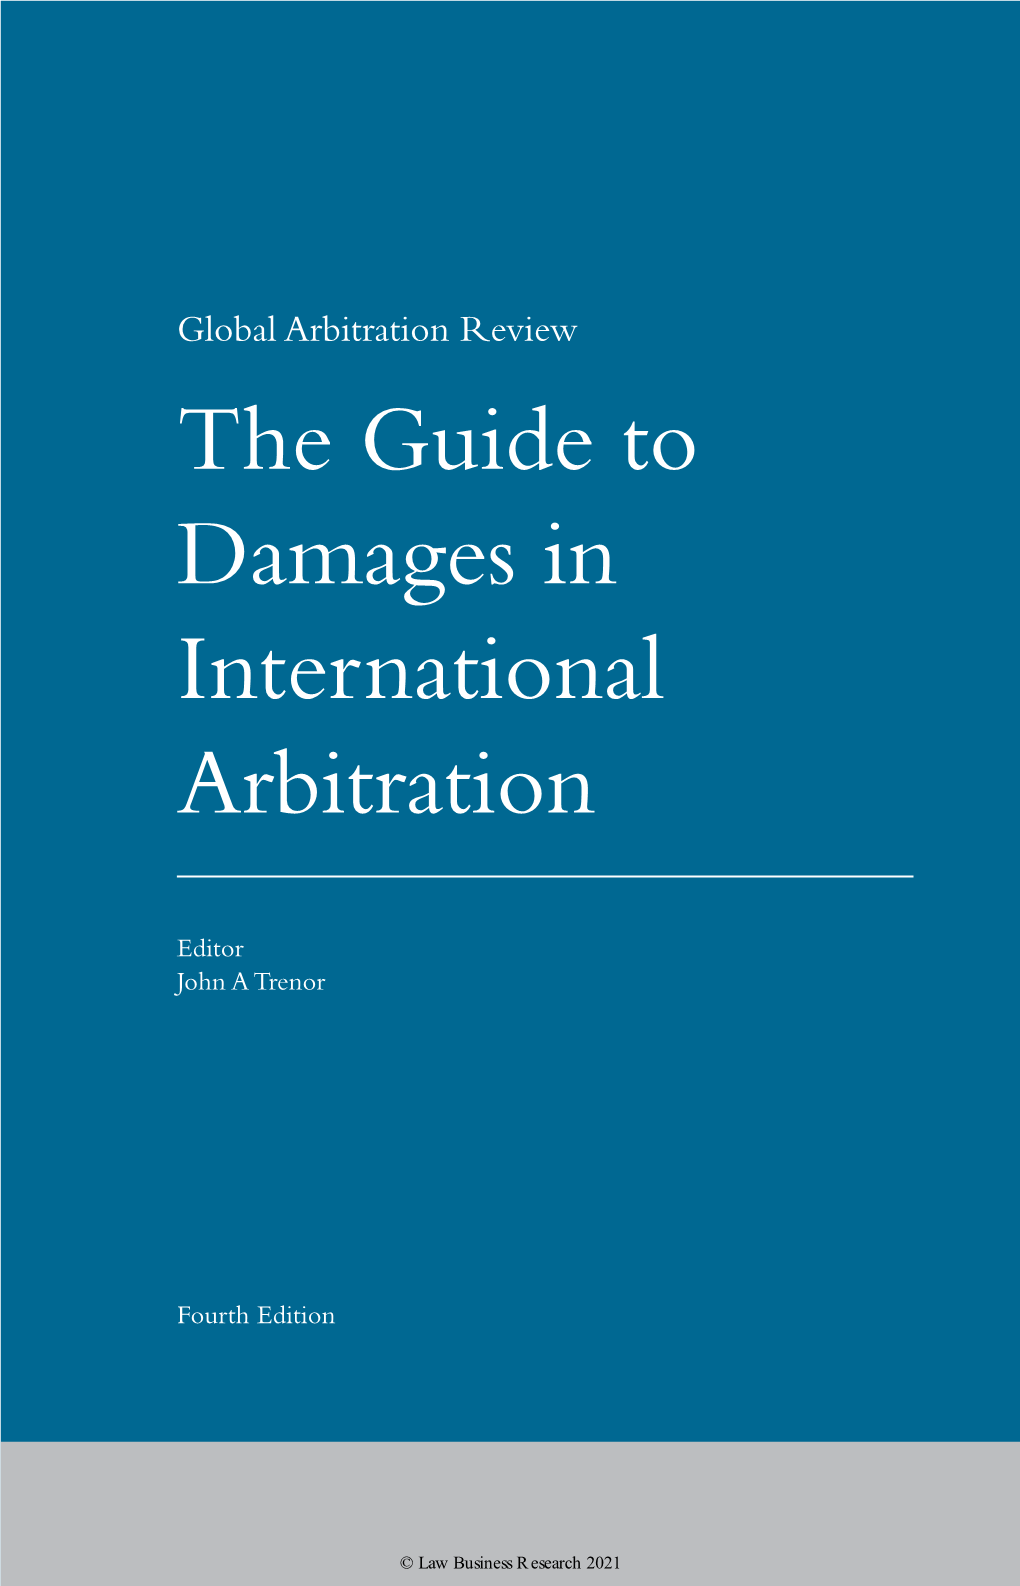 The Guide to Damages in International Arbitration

---

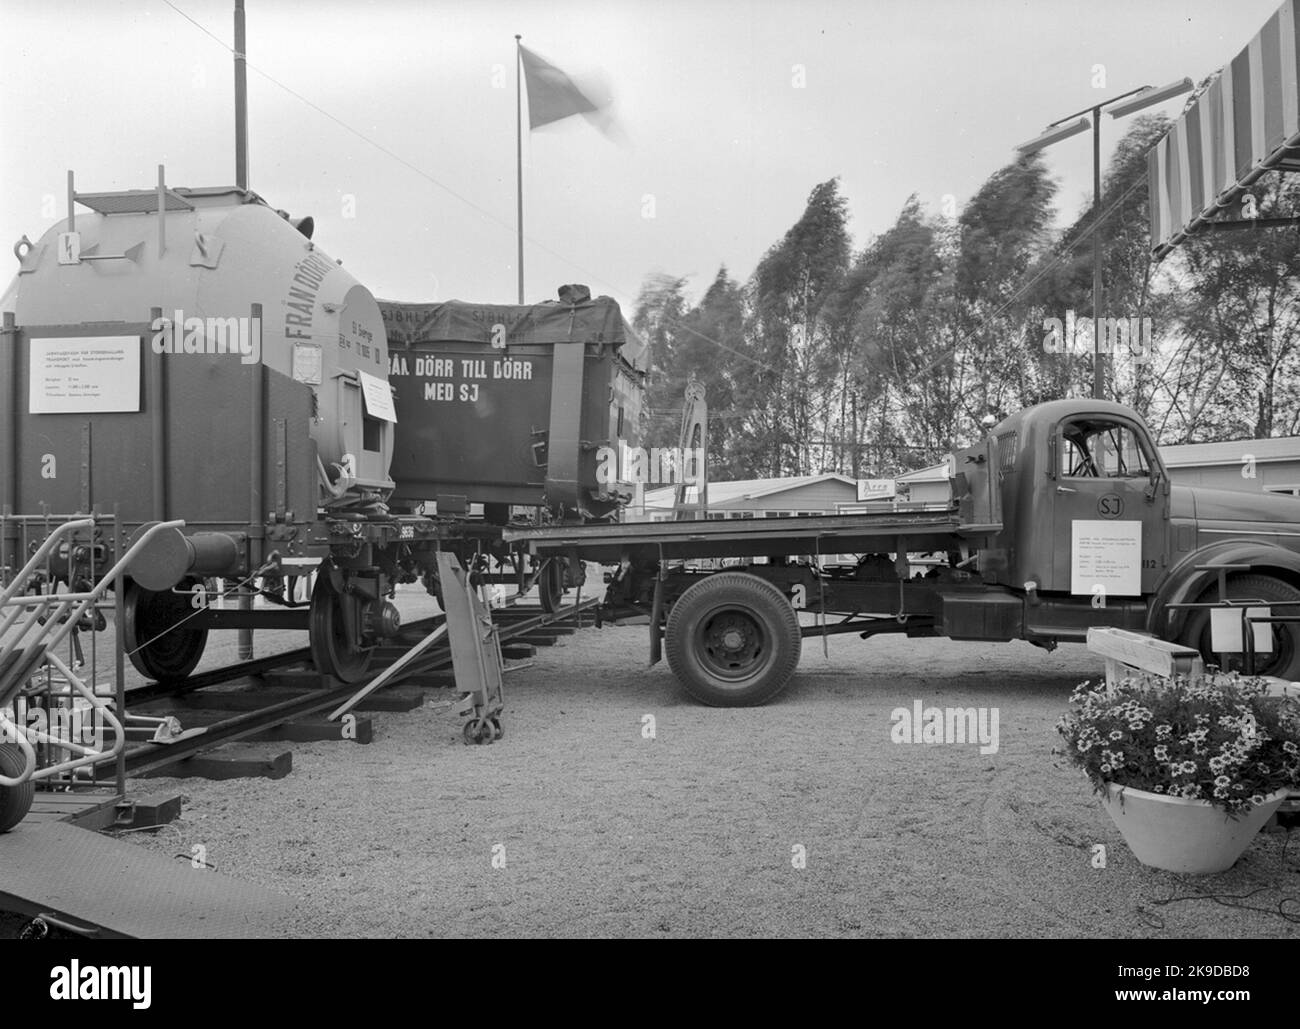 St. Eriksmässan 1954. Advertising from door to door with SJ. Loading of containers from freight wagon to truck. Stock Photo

==

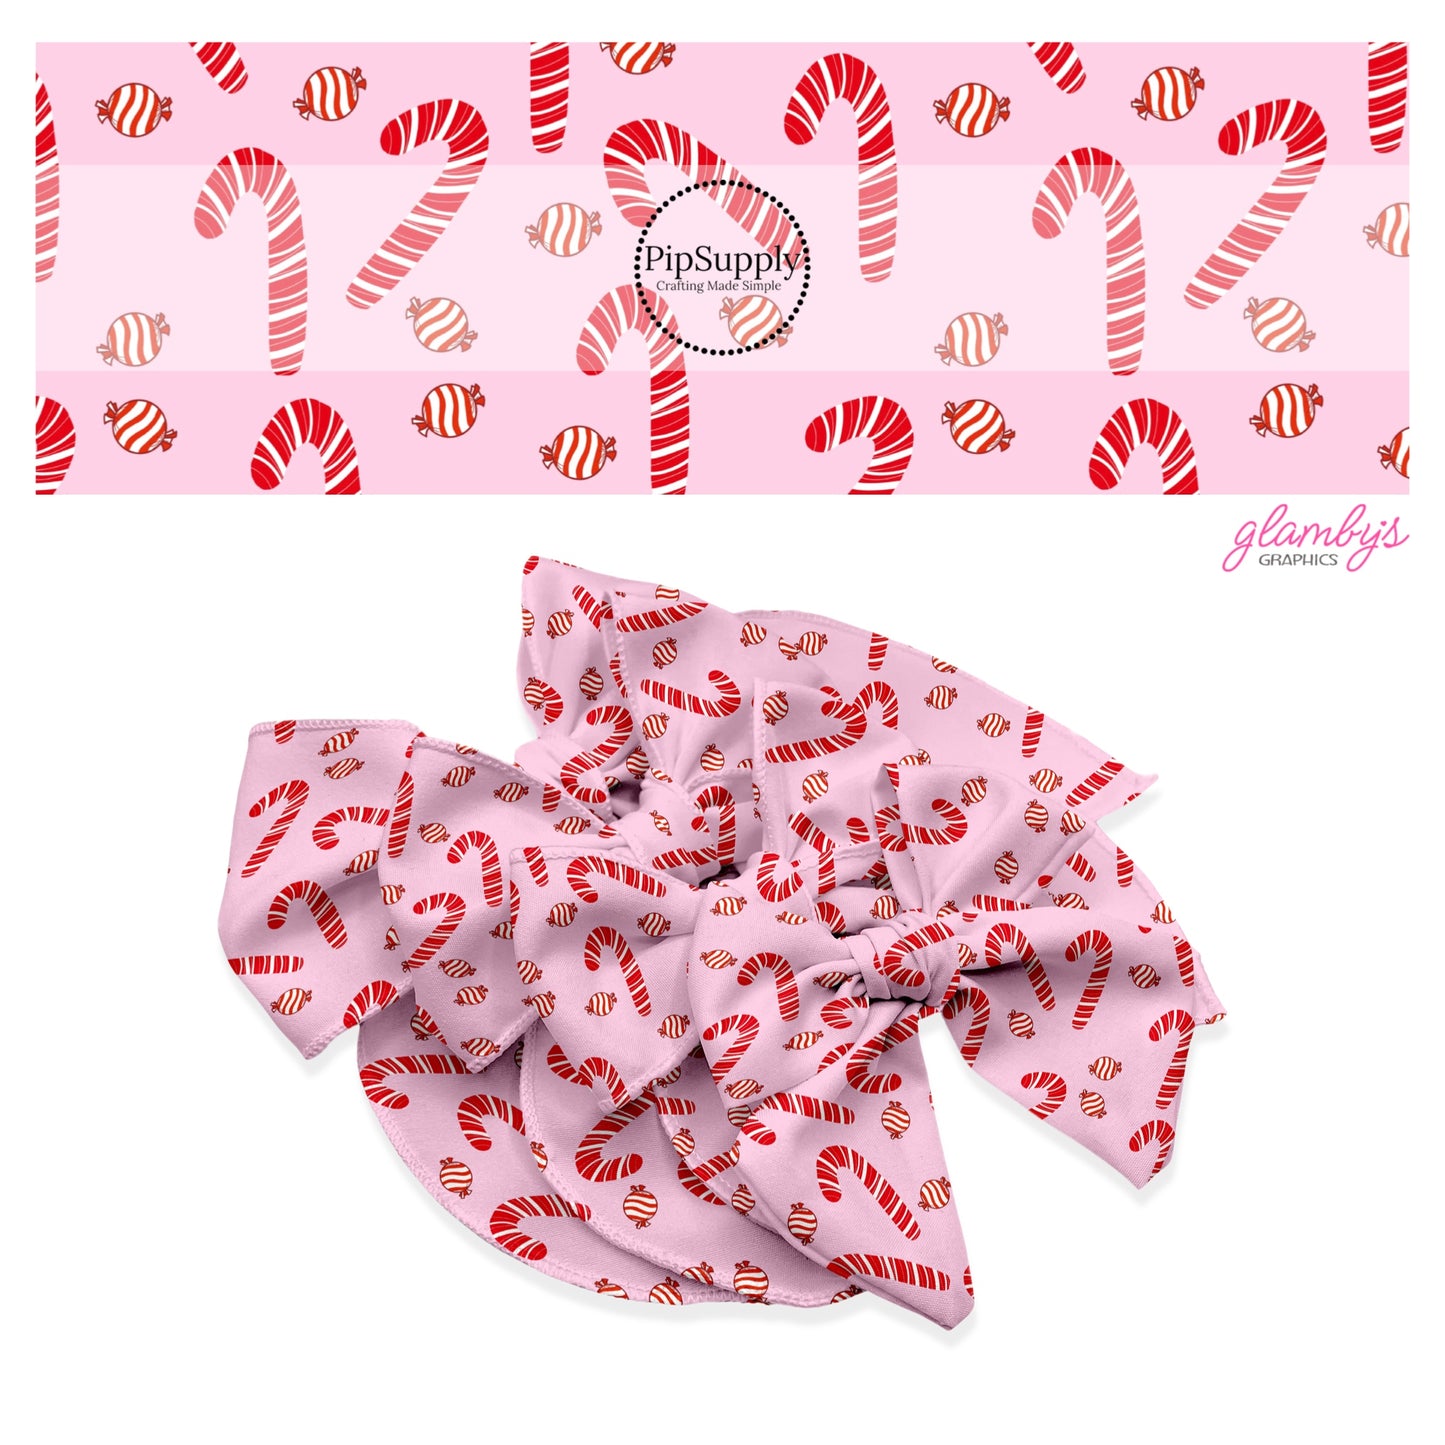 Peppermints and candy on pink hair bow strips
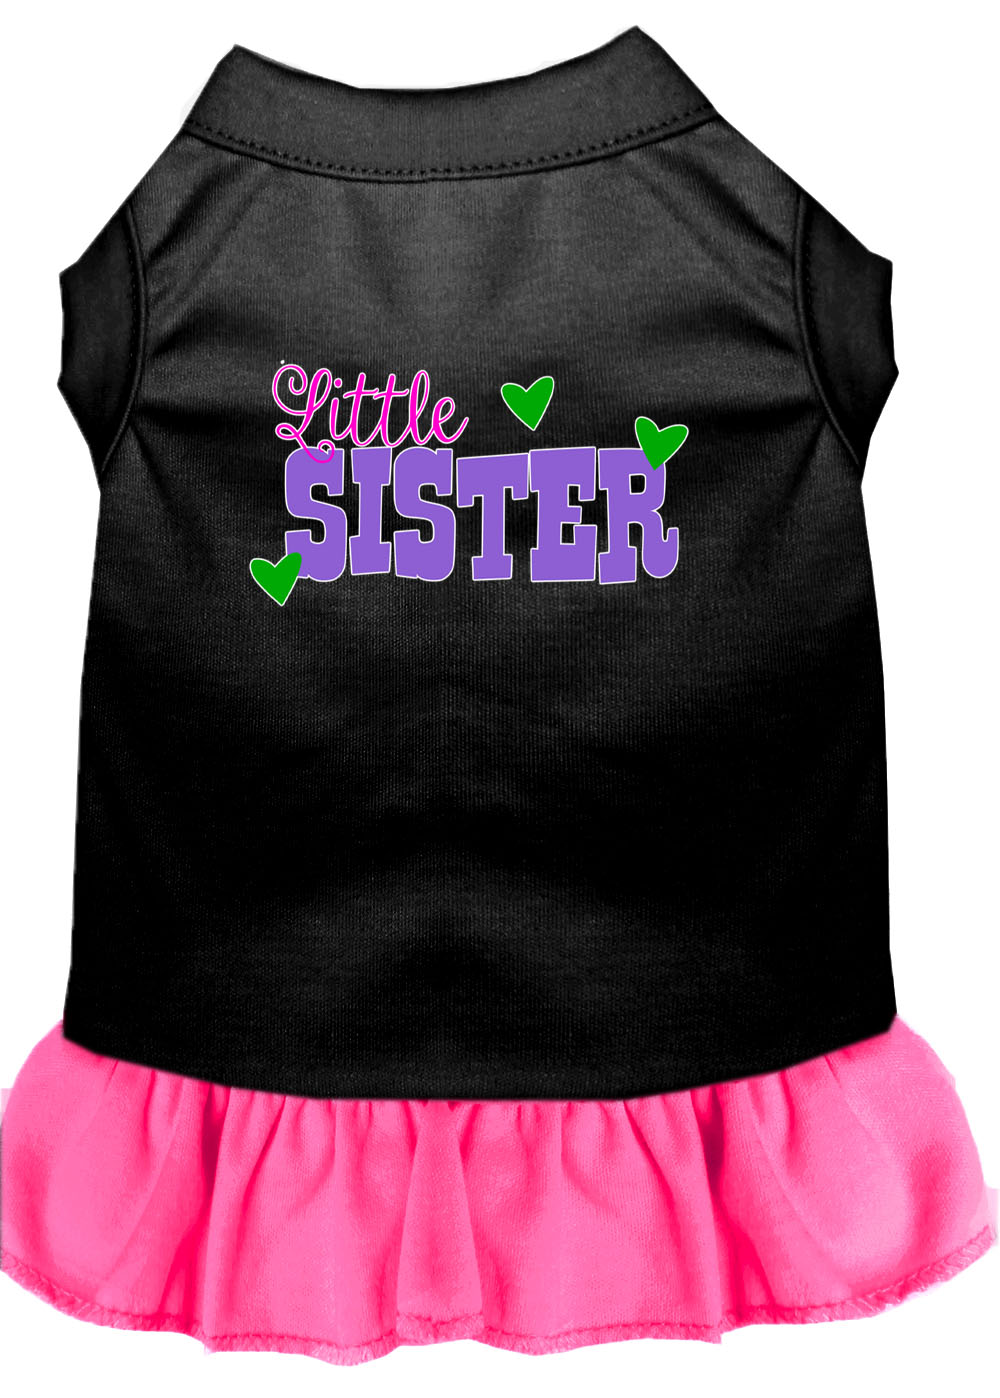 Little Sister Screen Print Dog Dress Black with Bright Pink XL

> To do
Pictures excluded, reproduce only the part above that opens with the line holding "Peppermints and candy" and closes with the line holding "Little Sister Screen", exactly as written.

> Exercise result
 Peppermints and candy on pink hair bow strips
 Little Sister Screen Print Dog Dress Black with Bright Pink XL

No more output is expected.